The courtyard around them had gone quiet. The sound of footsteps leaving — multiple sets, unhurried, retreating toward the forest road. Wei Han among them. He heard it. He did not look up.

"You found the vault," Master Feng said. His eyes had moved to the rusted sword on the ground where Jian Yu had dropped it.

"I found the vault."

"Good." A pause in which his breathing did something that Jian Yu catalogued and put immediately aside because cataloguing it did not help anything right now. "I put it there. Thirty years ago. Thought it would call to someone eventually."

"Master. Stay with me."

"I am with you." Still steady. Still at his own pace. "I need you to listen."

"I'm listening."

"The sword chose you because of what you are. Not what you can do. Not your cultivation rank or your sword forms or your scores in the elder assessments." A breath, slower than the last. "What you are. Remember the difference when it shows you things you don't understand yet."

Jian Yu kept pressure on the wound. His hands were warm. He focused on that.

"The crack in your dantian." Master Feng's voice was quieter now but still even. "I know what it feels like. I know what you think it means. It doesn't mean what you think. A cracked vessel holds more than a whole one. It just has to learn a different shape." His hand tightened briefly over Jian Yu's. "You'll find the shape. You always find things eventually. You just count until you do."

"Master — "

"Three words," the old man said. "I raised you for twelve years and I distilled it down to three words. I think that's efficient, actually. I've always been efficient."

Jian Yu said nothing. He kept his hands where they were.

"Don't waste it," Master Feng said. Simply. The way he said everything — at his own pace, with his own weight, indifferent to whether the world thought the moment required more. "That's all. Don't waste it."

He did not say anything after that.

---

Jian Yu sat with him until the stars came out.

He counted them as they appeared, one by one, the way he counted everything. When the seventh star appeared he stopped. He stayed stopped for a long time.

After a while he picked up the rusted sword. The unnamed color on the blade had spread during the time he had been sitting — wider now, nearly a third of the blade, the same quality of light that returned what it received slightly changed, as if everything it reflected came back a little different than it went in.

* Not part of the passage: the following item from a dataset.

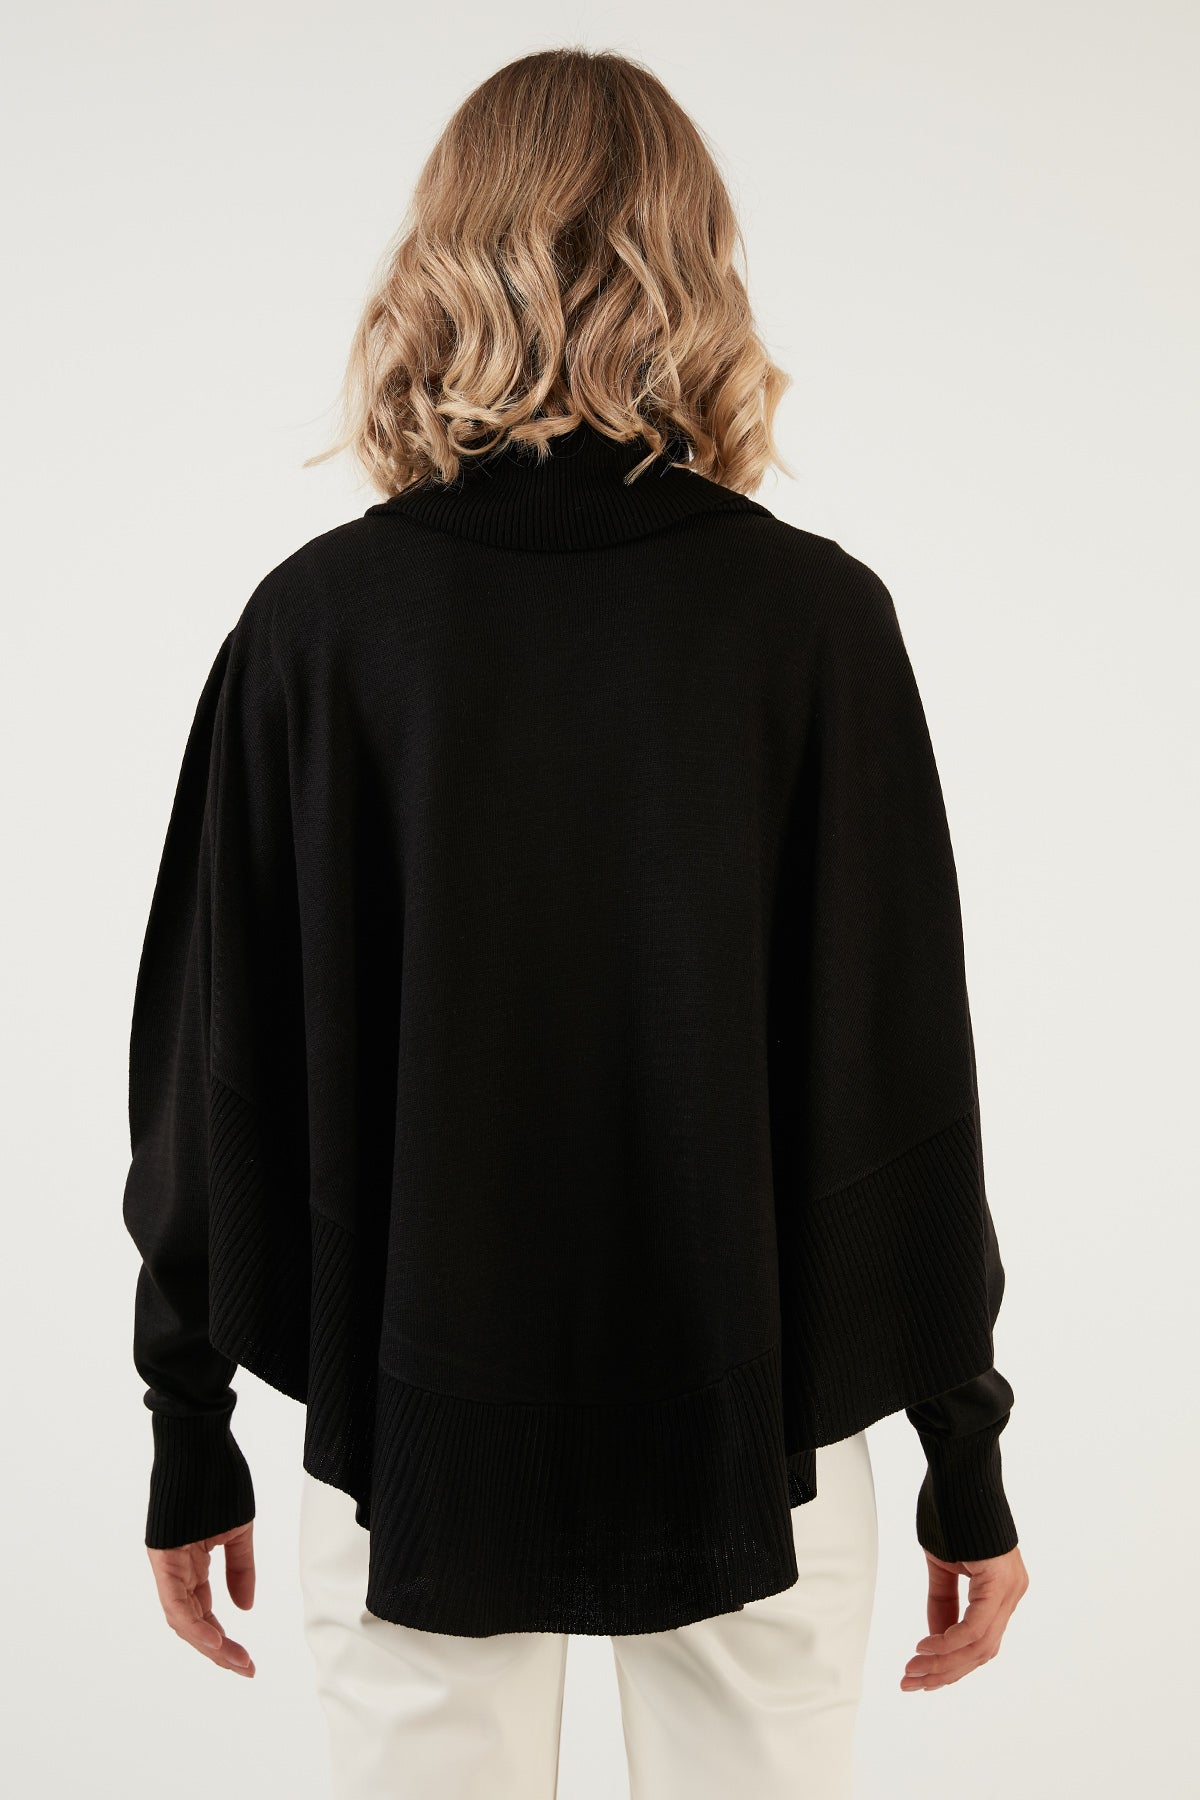 Lela Turtleneck Bat Sleeve Women Sweater - BLACK

He wrapped it in his belt cloth again. Stood up. His legs worked. He noted that with a kind of distant practicality that felt like the only part of his mind currently operational.

The courtyard was empty except for him.

He walked to the gate. Stood in the opening. The road south was dark and the forest beyond it was darker and somewhere in that dark, Wei Han was walking away from twelve years of being called brothers with tears on his face and a blade in his hand, and Jian Yu was standing at the gate of the only home he had ever known with a cracked dantian and a sword that didn't have a name yet and three words from a dead man.

Don't waste it.

He counted his breaths. One. Two. Three.

Got to three. Stopped.

Closed his eyes. Started again.

One. Two. Three. Four.

He did not go back inside. There was nothing inside that he was allowed to have anymore, and he understood, with the quiet practical part of his mind that was still running, that tomorrow morning there would be a notice on the gate and his name would be on it, and the notice would not say what had actually happened here tonight.

He sat down at the base of the gate post and waited for morning.

He counted the stars until he ran out of visible sky to count.

He did not sleep. That was all right. He had time.